By Glenn Clifford-Perkins, accounting partner, Armstrong Watson

As interest rates continue to rise, and with inflation stubbornly high, many businesses are experiencing rising costs.

While you need to keep pace with these cost increases when pricing your products and services to maintain profitability, this can be particularly difficult when coupled with the current cost of living crisis as, more than ever, your customers will want to ensure they are getting value for money.

This is a challenge that can put additional pressure on your business’s bottom line profitability and cash flow, but careful management and planning can help to ease some of the pressure.

6 tips to tackle rising costs

  1. Maintain close relationships with your suppliers and take full advantage of any special offers available to obtain the lowest unit cost. Negotiate favourable payment terms wherever possible.
  2. Seek alternative quotes where necessary to ensure your suppliers remain competitive. Shop around for the best deals on your utilities, telephone and broadband bills.
  3. If your business has substantial borrowings, consider whether you have any refinancing options available to manage rising interest costs.
  4. Review the individual margins on all products and services you provide. If certain products are not profitable then consider either repricing or removing them from your offering.
  5. Make sure you are doing all you can to minimise wastage to keep your margins as healthy as possible.
  6. Regularly review your stock levels to ensure you are carrying the correct amounts of each product. Carrying too much stock ties up cash unnecessarily but carrying too little can lead to loss of potential earnings and dissatisfied customers.
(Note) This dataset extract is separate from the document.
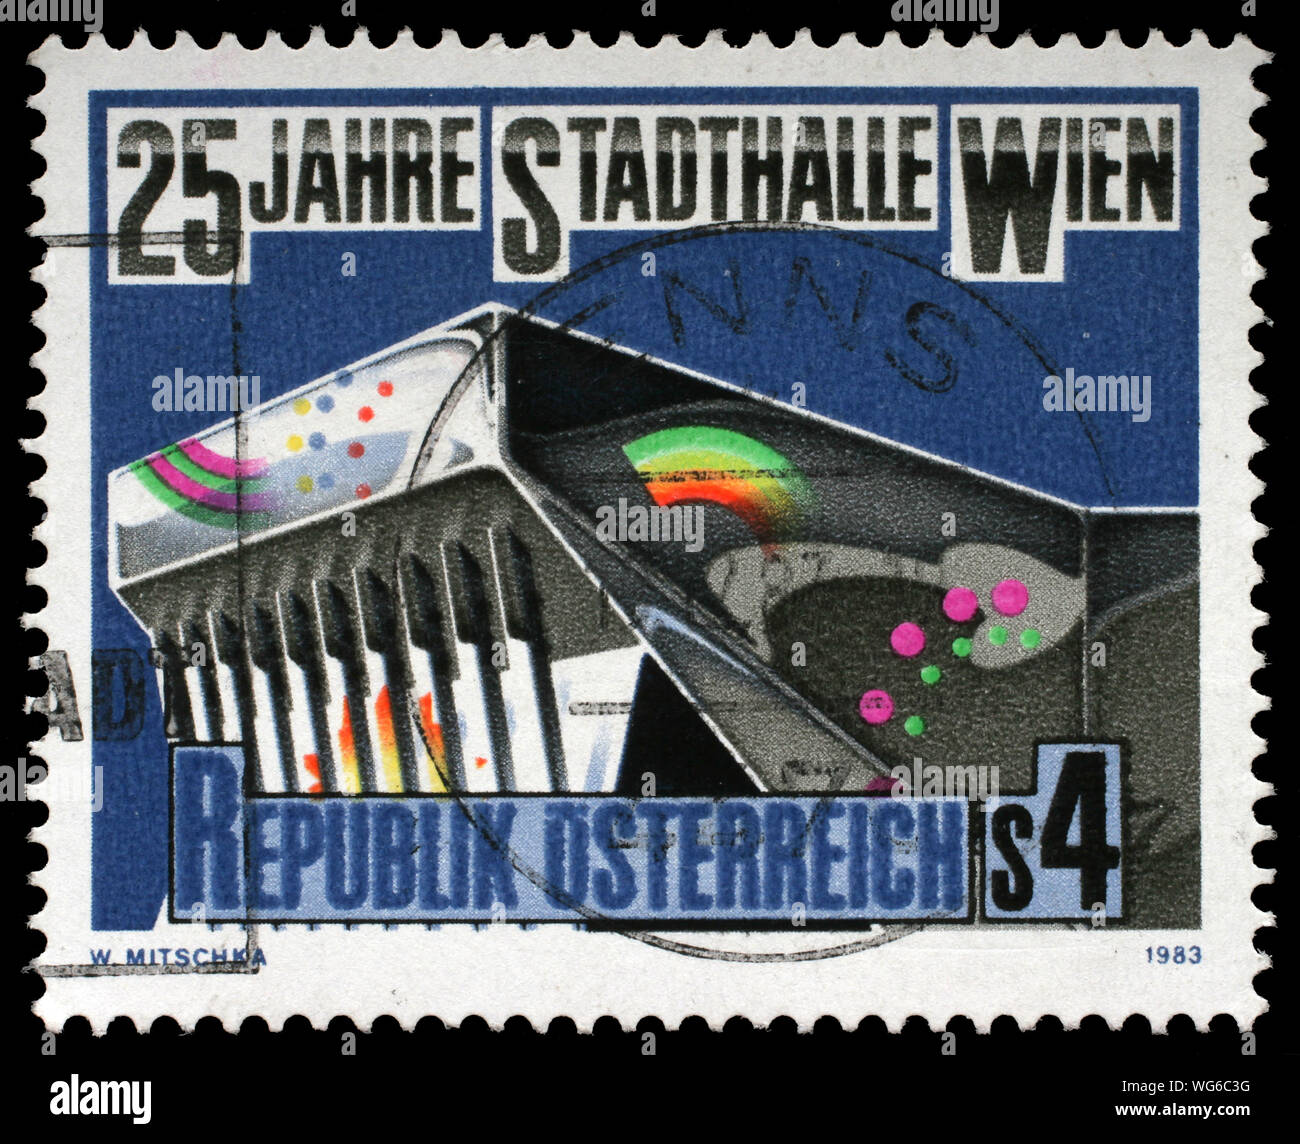 Stamp issued in the Austria shows the 25th Anniversary of Vienna Stadthalle, circa 1983. Stock Photo

In order to weather the economic storm and in anticipation of any further rate rises, it is wise to conserve cash where possible.

However – and often sadly as a result of some businesses having been forced to sell up after a turbulent few years – despite high-interest rates, there are still opportunities for those looking to expand, with new locations to buy or lease available on favourable terms.

Similarly, if your product and brand are strong, and you have a detailed vision of what you would like to achieve, expanding your business to capitalise on increased post-pandemic trade could be a viable option.